- _Task goal_
From top to bottom, retype the data exactly, passing over any picture.

-------- Available data --------

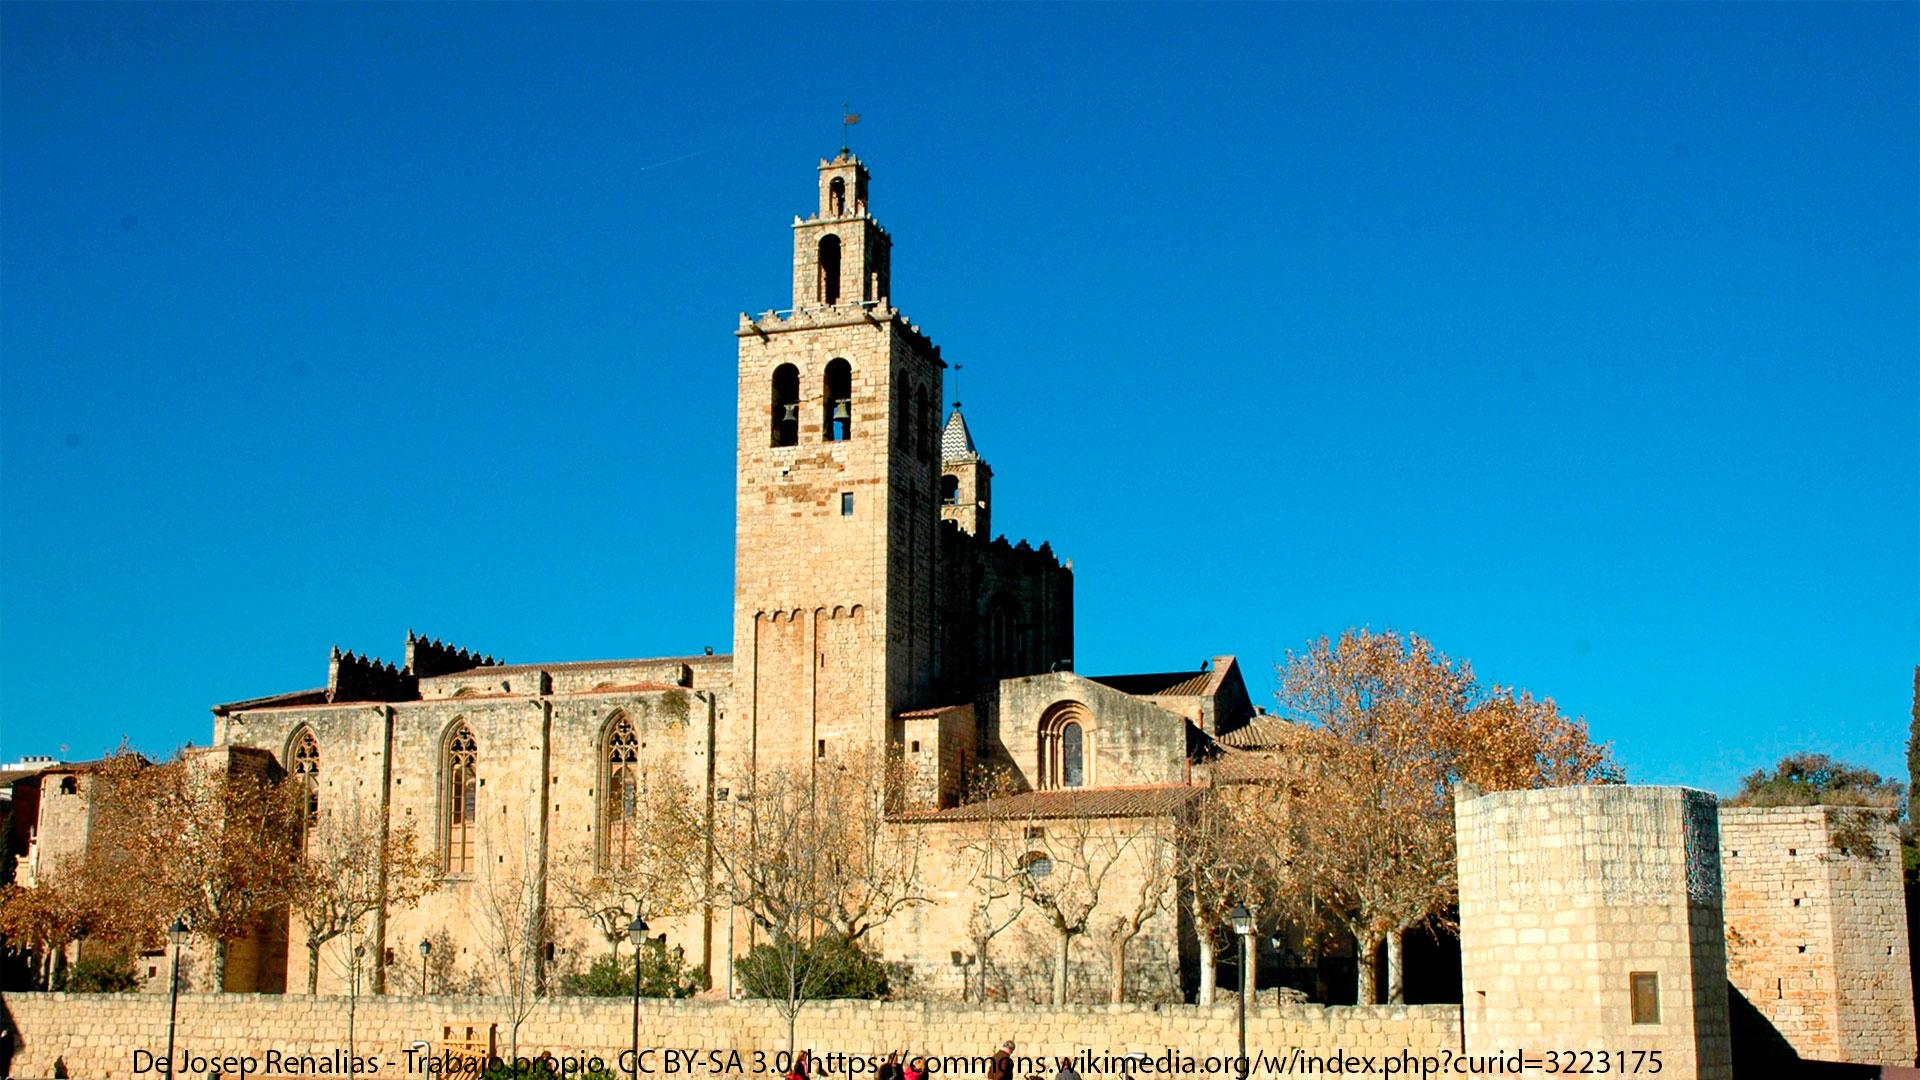 Mudanzas en Sant Cugat del Vallès
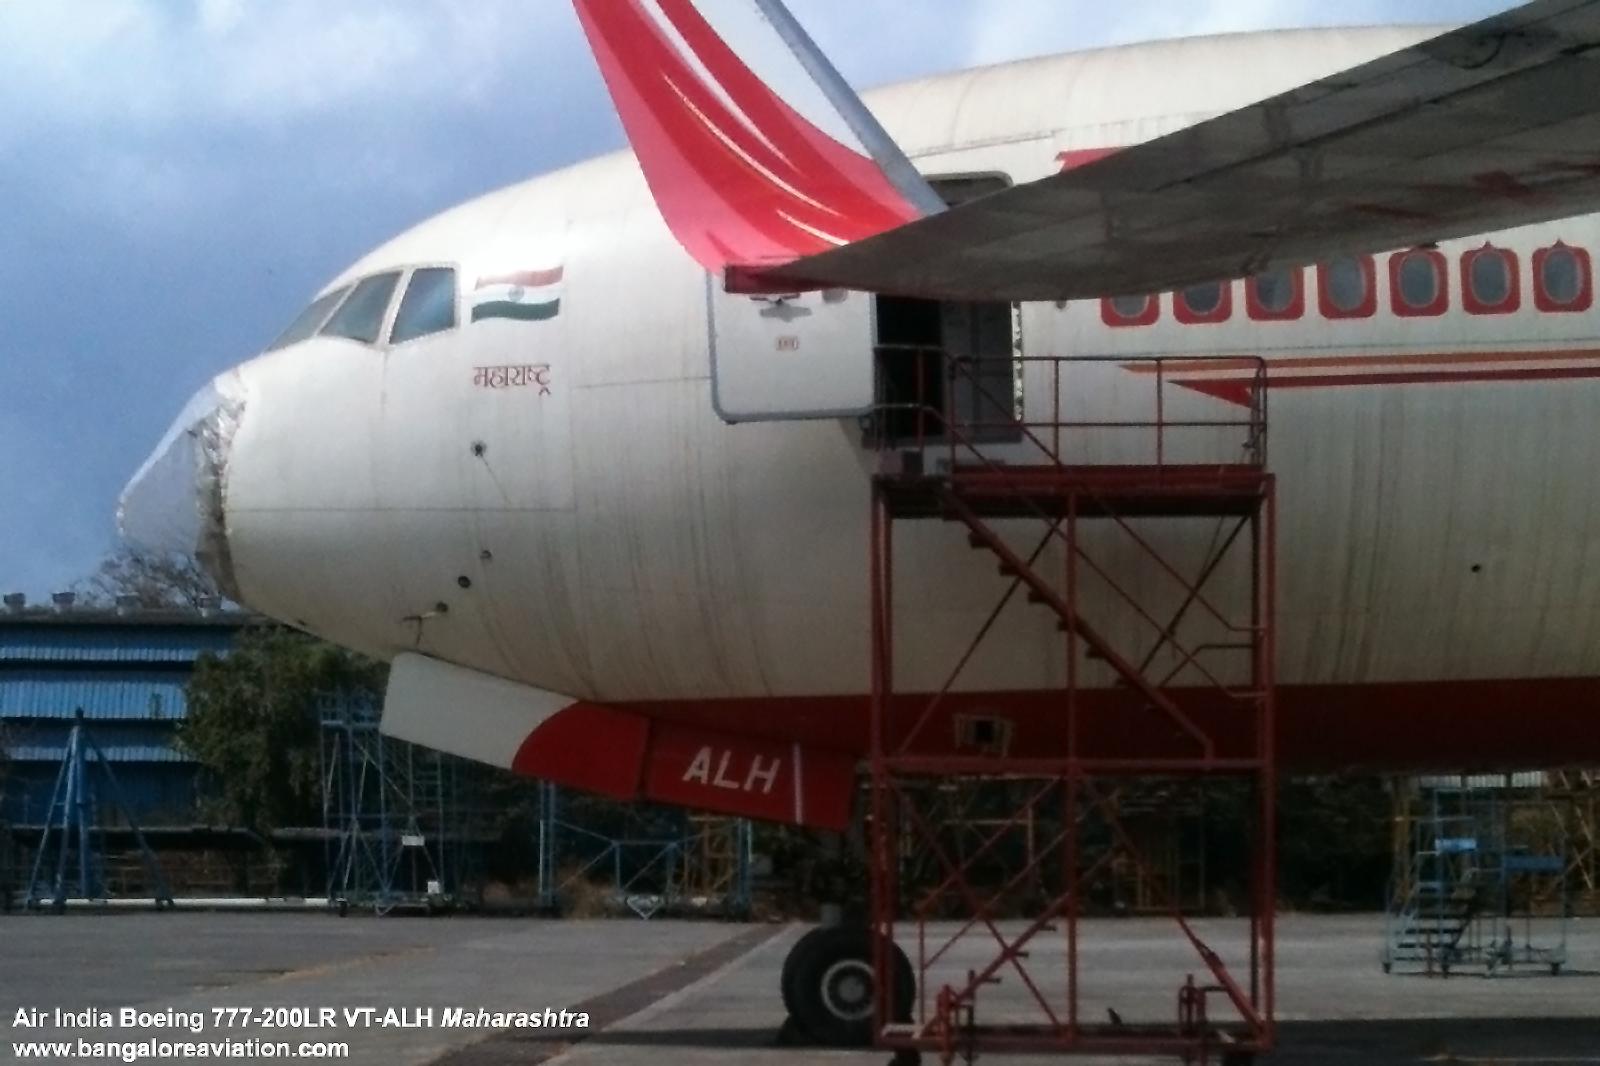 http://www.bangaloreaviation.com/wp-content/uploads/2014/03/VT-ALH_Maharashtra_Cannibalised_Air_India_Boeing_777-200LR_2.jpg
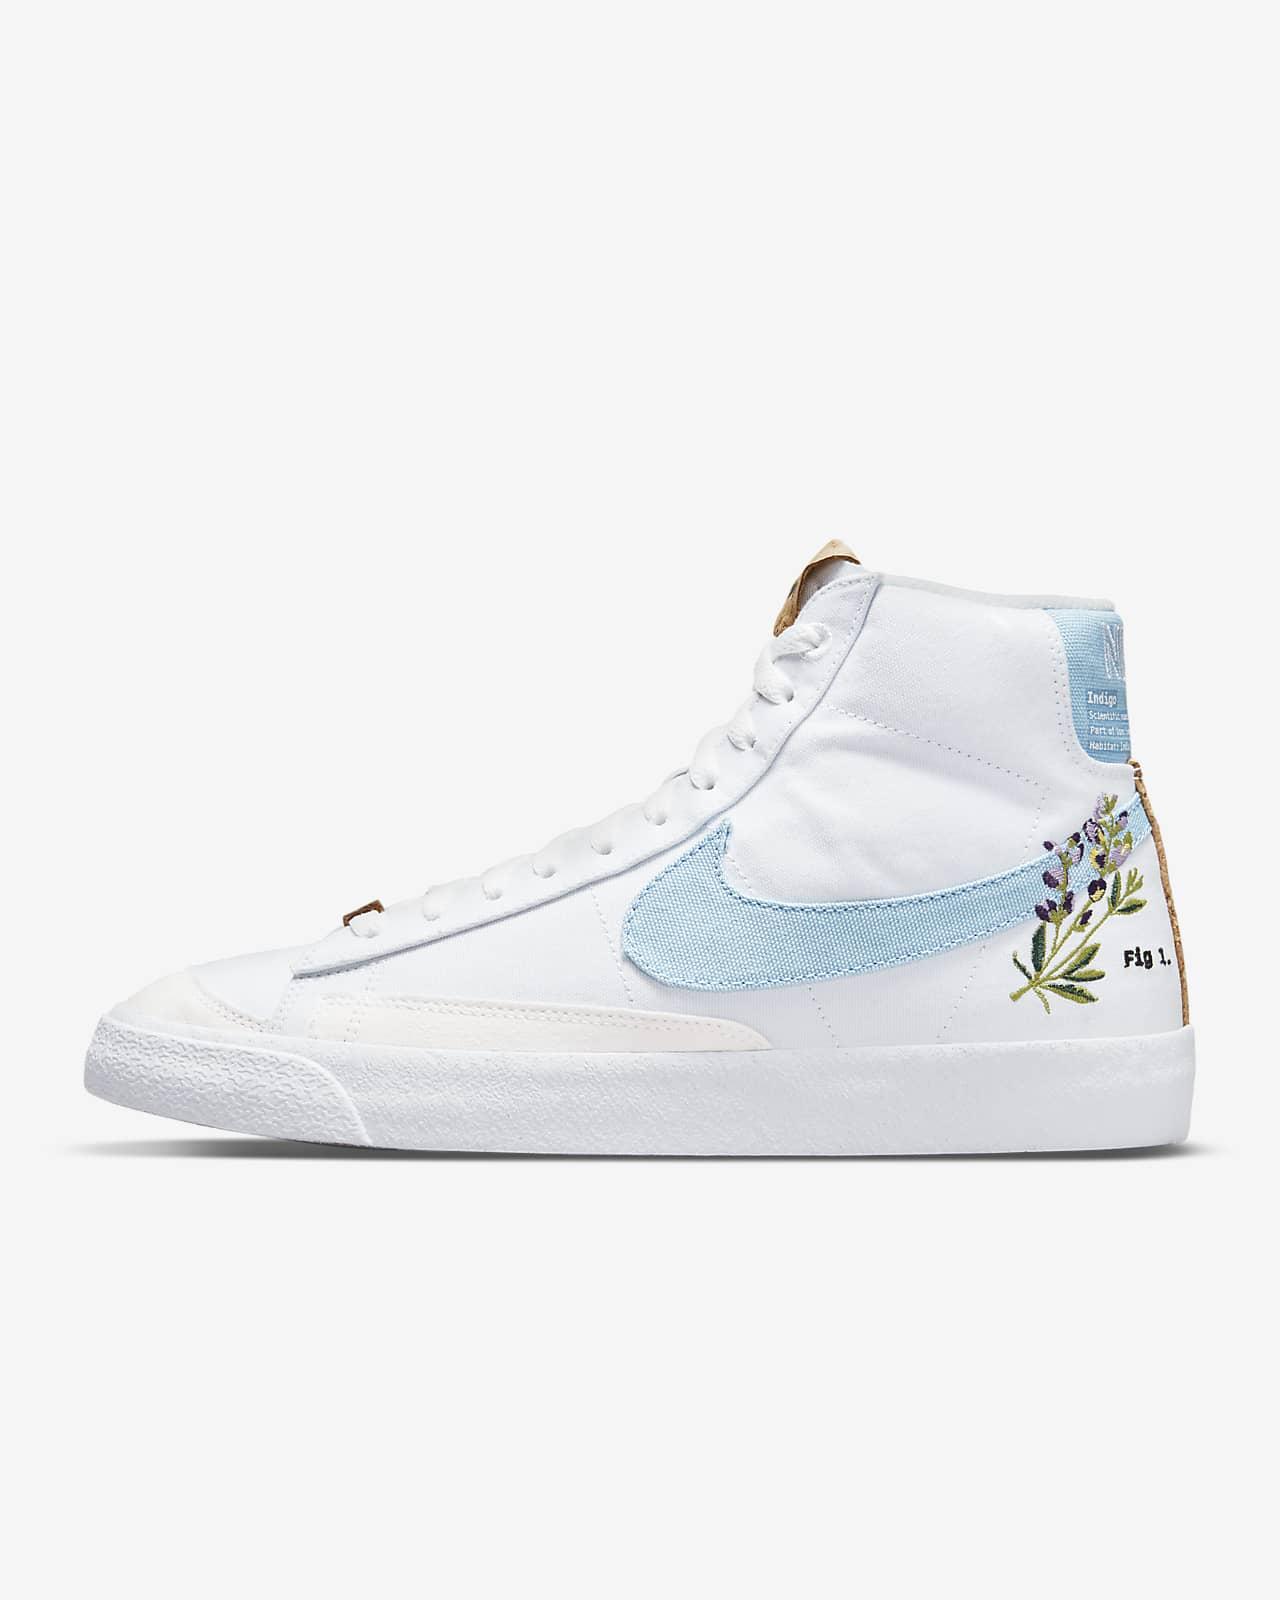 Nike Blazer Mid '77 Men's Shoes. Nike LU
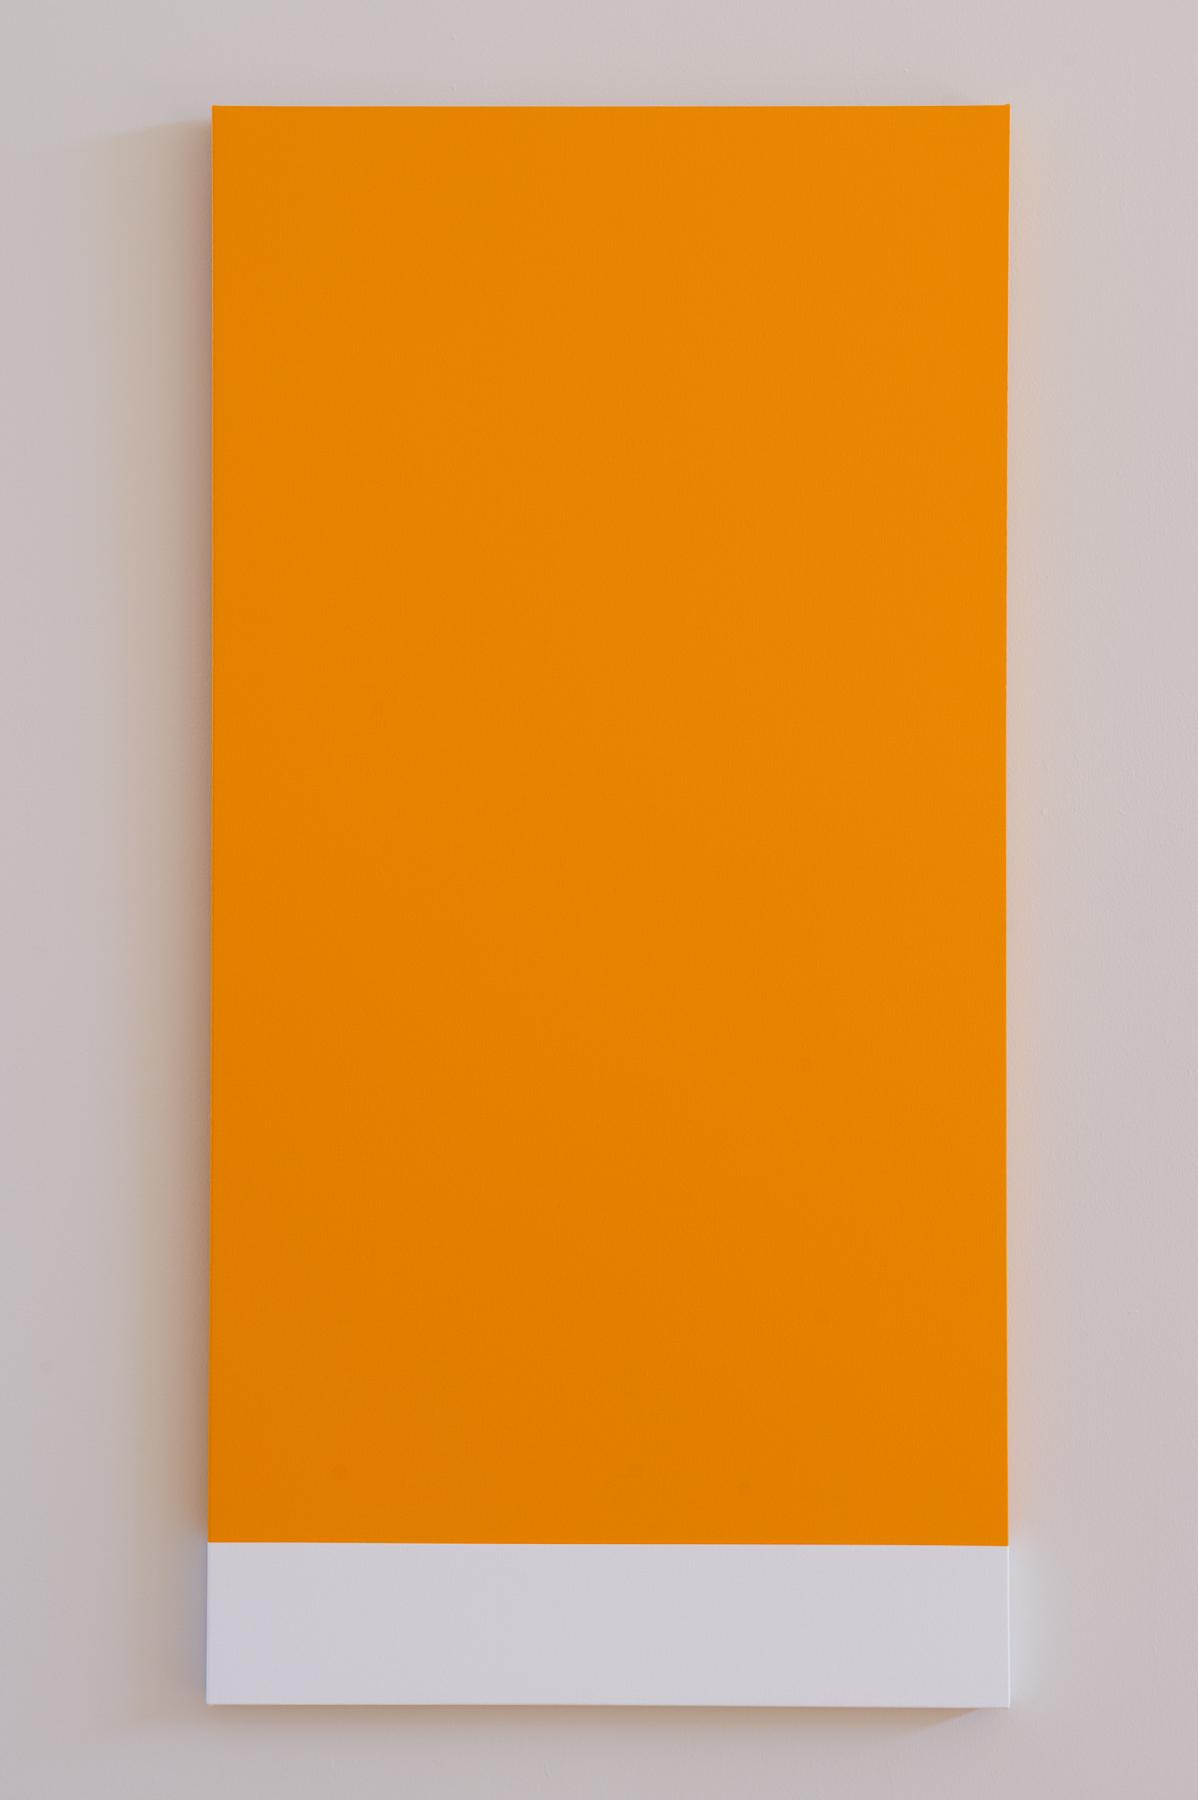 Orange Rectangle, 14-1159 (after Kelly)

--------

- _Result_
 Mudanzas en Sant Cugat del Vallès
 http://www.bangaloreaviation.com/wp-content/uploads/2014/03/VT-ALH_Maharashtra_Cannibalised_Air_India_Boeing_777-200LR_2.jpg
 Nike Blazer Mid '77 Men's Shoes. Nike LU
 Orange Rectangle, 14-1159 (after Kelly)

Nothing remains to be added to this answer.